The *only *words you should say to her are to see the school nurse, school infirmary, whatever the school calls it.   A clinician can manage the issue from there but she first has to get there.


----------



## Rich Parsons (Jul 14, 2009)

CuongNhuka said:


> OK, so am I crazy, or does this girl have a cursh on me/bordering on stalking me?


 

As others have addressed the serious part of the original post, I will address this question as I also think this needs to be addressed in a serious fashion.

I would not say you are crazy, and I would not say she is stalking you. 

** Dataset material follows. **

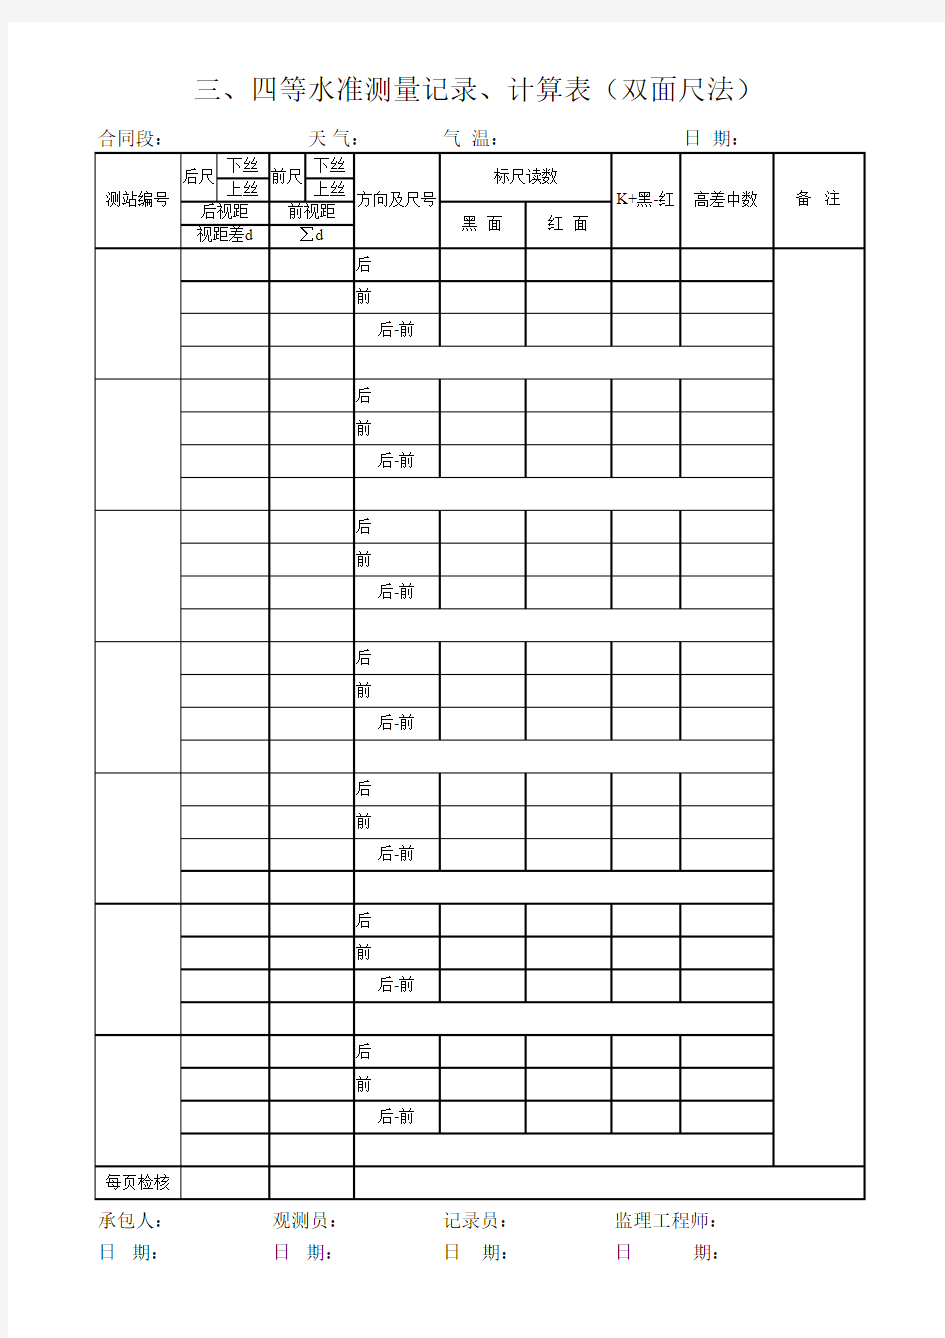 三、四等水准测量记录、计算表(双面尺法)

Stalking is a serious thing. If someone shows up at your home, or sends things to you that are not appropriate they still are not stalking you. 

You have to tell her to stop. You have to tell her to not do what is bothering you, and then if she continues with conversation when she sees you it is not stalking. If she goes otu of her way to find you, after you have told her no and to stop then it is stalking. 

Stalking is a serious label and should only be used when it is serious. 


Now, if someone is creeping you out or doing things to threaten you this is not stalking this is assaulting you and or putting you at danger. In this case you still need to tell them to stop. But someone who is in the same circles and just shows up and or says hi becuase they are alone or bored or even looking for help is not stalking. 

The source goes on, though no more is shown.